Kochane moje, dzisiejszy tekst powstał na Wasze życzenie i dedykuję go wszystkim Wam, kobietkom moim najwspanialszym.
Przyszła wiosna i chyba nie ma osoby, której by ten fakt nie cieszył. W końcu jest ciepło, zazieleniły się krzewy i trawa, a pączki na drzewach lada moment przemienią się soczyście zielone listki.
Jest cudownie. Spędzamy coraz więcej czasu na świeżym powietrzu i jesteśmy coraz bardziej aktywne.
W ubiegły wtorek termometr pokazał u mnie 25 stopni (mazowieckie). Na ulicach widziałam już krótkie rękawki i krótkie spodenki. Tak sobie pomyślałam że zanim się obejrzymy, a na termometrze będzie jeszcze więcej. Zwiewna sukienka, lekkie sandałki, słomkowy kapelusz. Wszystko fajnie, ale co zrobić jeśli te słoneczne, upalne dni przypadają akurat w „te dni”, a my czujemy się opuchnięte, pełne, wzdęte i ociężałe? Do tego zamiast leżeć w cieniu drzew poruszamy się po rozgrzanym mieście.
Jest na to kilka sposobów 😉 Już dziś dowiedz się co zrobić, aby zanim pojawią się upały, mieć odpowiednią wiedzę.
Jeśli jesteś jedną z tych osób które „w tych dniach” mają problem z zatrzymywaniem wody, uczuciem pełności, obrzmienia i ociężałości, pracę nad poprawą tego stanu musisz zacząć już tydzień przed planowaną miesiączką.
W upalne dni naturalnie puchniemy ponieważ płyny ustrojowe krążą wolniej, a w tkankach zbiera się limfa. Jeśli do tego dołożymy hormony, a zwłaszcza estrogen który pobudza wydzielanie wazopresyny i aldosteronu, substancji, które odpowiadają za zatrzymanie wody w organizmie i powstanie obrzęków to lepiej w ogóle nie wychodzić z domu.
Jak sobie pomóc?
- nawadniaj się! Powinnaś wypijać 40 ml czystych płynów na każdy kilogram masy ciała.
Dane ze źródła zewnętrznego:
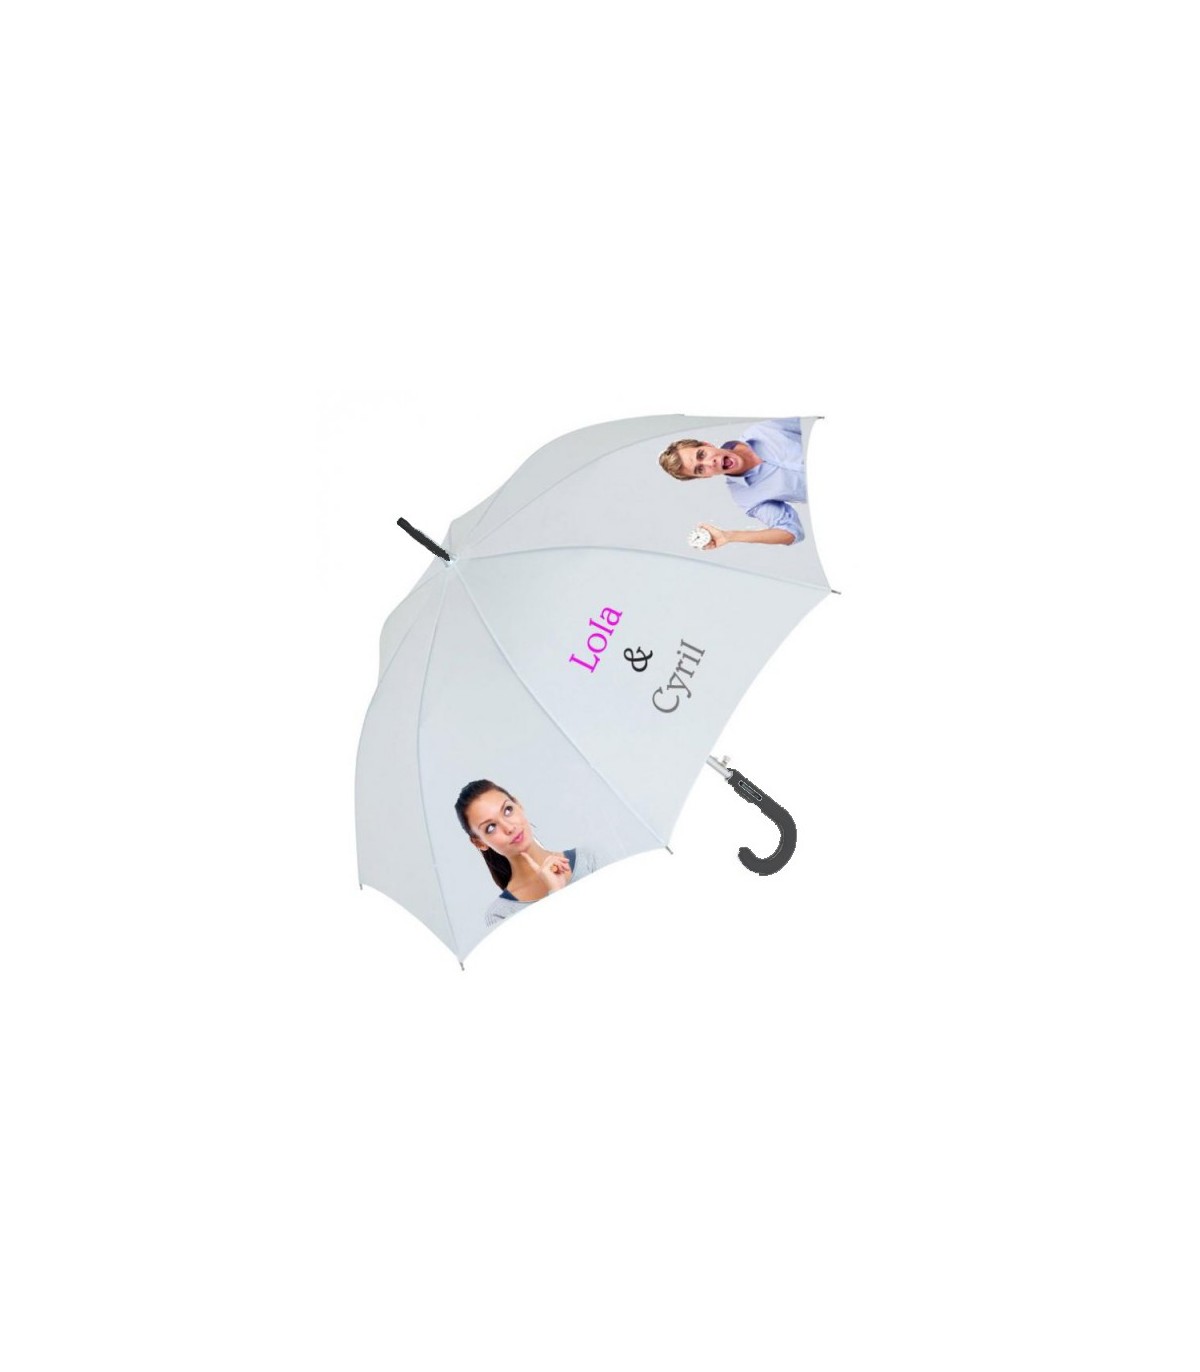 Anniversaire Parasol Mariages Accessoires Parapluies Personnalisé Personnalisé Imprimé Mr & Mrs Parapluie de mariage de mariage Parfait pour les mariés Protecteur de météo

Pisząc czystych płynów mam na myśli wodę lub owocowe czy ziołowe herbaty bez cukru.
Często słyszę: „przed miesiączką robię się jak balon, więc mało piję aby nie pogarszać sprawy”.
To duży błąd. Jeśli ograniczasz płyny, organizm dostaje sygnał o zbyt małej podaży i zatrzymuje to, co dostaje. A dostaje także w pokarmach z tym, że pokarmy dodatkowo zawierają sól. Jeśli mało pijesz, mało wydalasz, a jak mało wydalasz gromadzisz sód, który jest składnikiem soli. Nagromadzony sód utrudnia odpływ wody z tkanek.
Dodatkowo w czasie upałów po pierwsze pocimy się więc tracimy dużo wody, po drugie potrzebujemy jej aby najzwyczajniej w świecie schłodzić się od środka. Noś butelkę wody w torebce. W pracy na biurku miej kolejną. Także w domu w wirze prac domowych nie zapominaj o piciu.
Jeśli puchniesz bardzo pij herbatę z pokrzywy, żurawiny i czystka. Działają moczopędnie. Pięknie zrzucają nagromadzoną wodę. - zredukuj do minimum ilość spożywanej soli. Maksymalna ilość jaką możesz spożyć to 4 gramy dziennie. Najlepiej będzie jak odważysz potrzebną ilość i przełożysz do pojemnika np. szklanego kieliszka. Tym sposobem w prosty sposób będziesz w stanie tę ilość kontrolować.
Pamiętaj, że sól znajduje się też w wielu produktach gotowych. Unikaj więc wędlin, kiełbas, kabanosów, żółtych serów, serów topionych, dań w octowych zalewach, ketchupu, musztardy, kiszonej kapusty, kiszonych ogórków i oczywiście słonych przekąsek. Spożywając żywność gotową kompletnie tracisz kontrolę nad ilością spożywanej soli.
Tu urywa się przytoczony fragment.